Former state Senator Dennis Conta introduced a district-wide ‘cluster’ program to replace the failing MPS monopoly district.

Under his proposal, MPS would be broken up into smaller districts, including a suburban schools.

Unfortunately (depending on your point of view), the Conta Plan died a horrible death when suburban liberals were forced to pull off their sheets to express their racist opposition to mixing the so-called races.

Since I didn’t see Yeshua’s footprints in the snow, I assume He hasn’t returned and forced the ‘Kloset Klan’ to address their sins. In laymen’s terms, which means I doubt if they will be more accommodating today than yesteryear.

But I wouldn’t mind seeing a revised Conta proposal on the table if for no other reason than to expose their hypocrisy and eliminate the excuse of resegregation.

Other proposals are floating around which deserve consideration by the community.

At least one African American alderman, state representative, and a former MPS superintendent support an initiative to create a community-controlled paradigm for North Division (currently considered the worst high school in the state) that, if successful, could serve as a launching point for similar reforms.

Director Aisha Carr, the only board member, sounding an alarm about the failure of thousands of Black students, is proposing an altered school week providing wrap-around services.

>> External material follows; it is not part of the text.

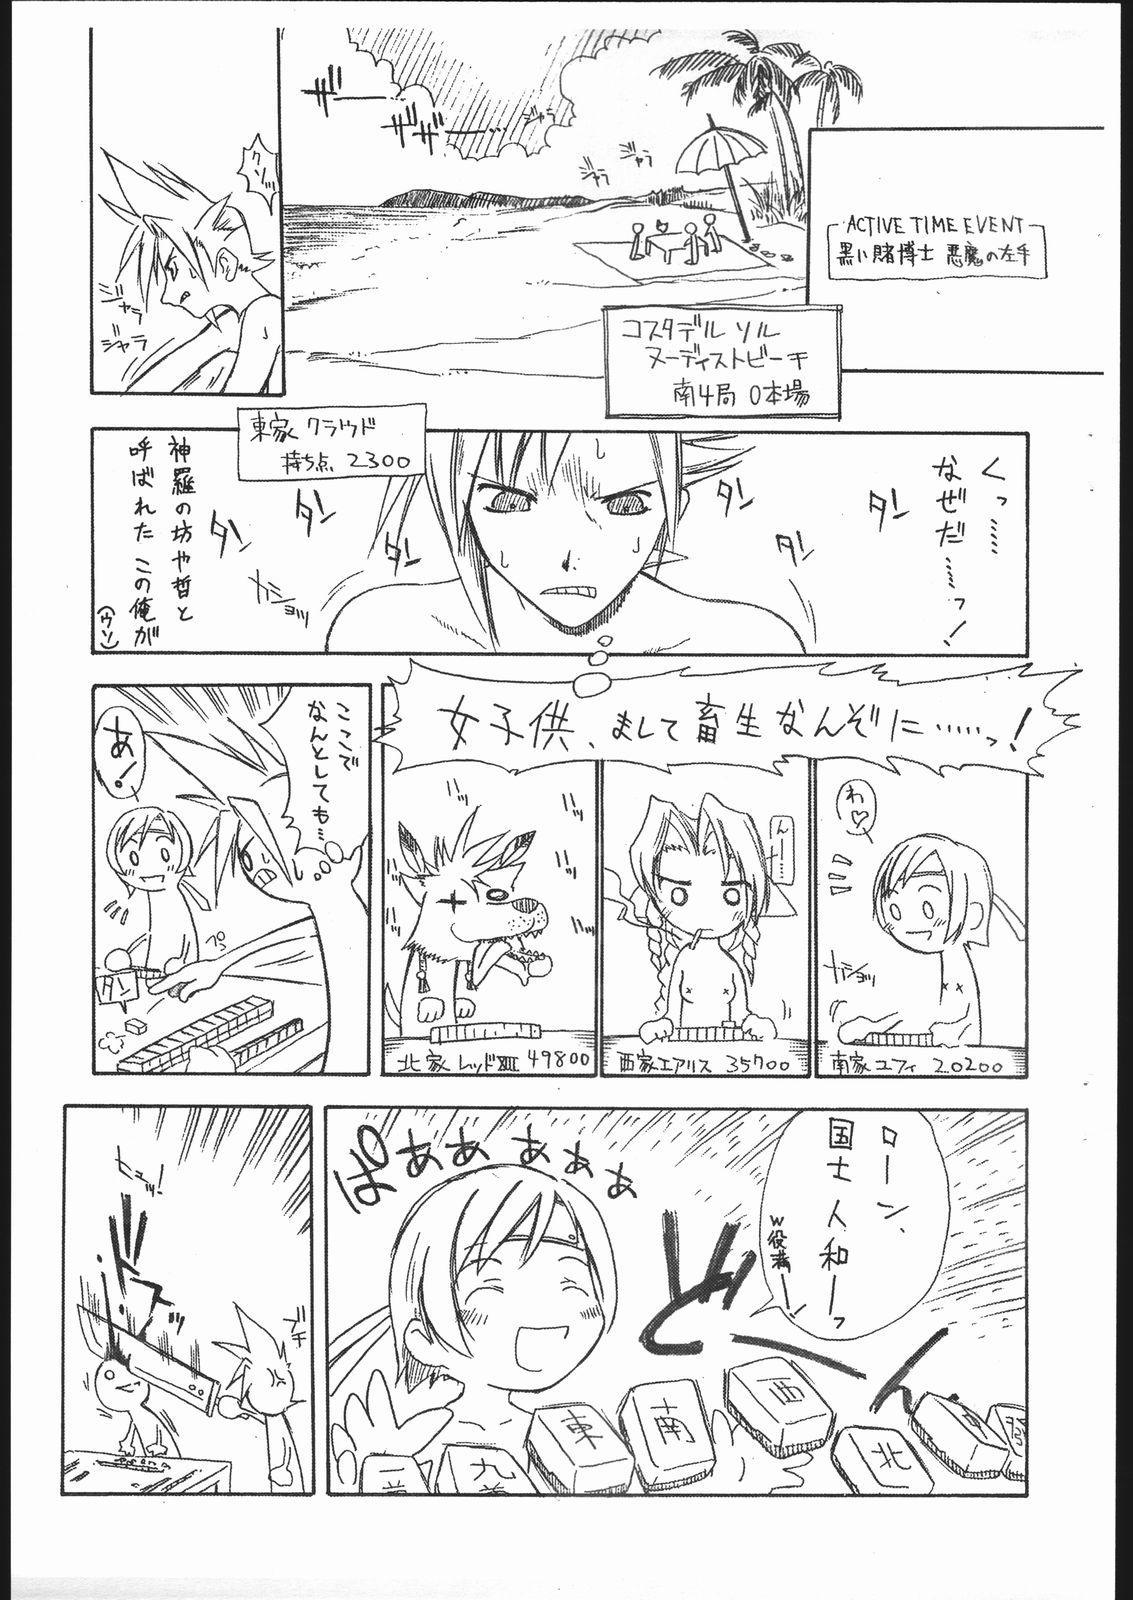 Konkai no Teki wa Futari. 20

Unfortunately, as the only board member who puts children before the union, I fear she will suffer the same fate as former Director Wendell Harris. He was viciously attacked by fellow board members and the union for putting the interests of Black children before adults with a vested interest in maintaining the failing status quo.

Who knows, maybe we can even use those proposals as a starting point to discuss why we need reform in the first place.

Or, we can continue down this current road ensuring employment for the poverty pimps prison guards.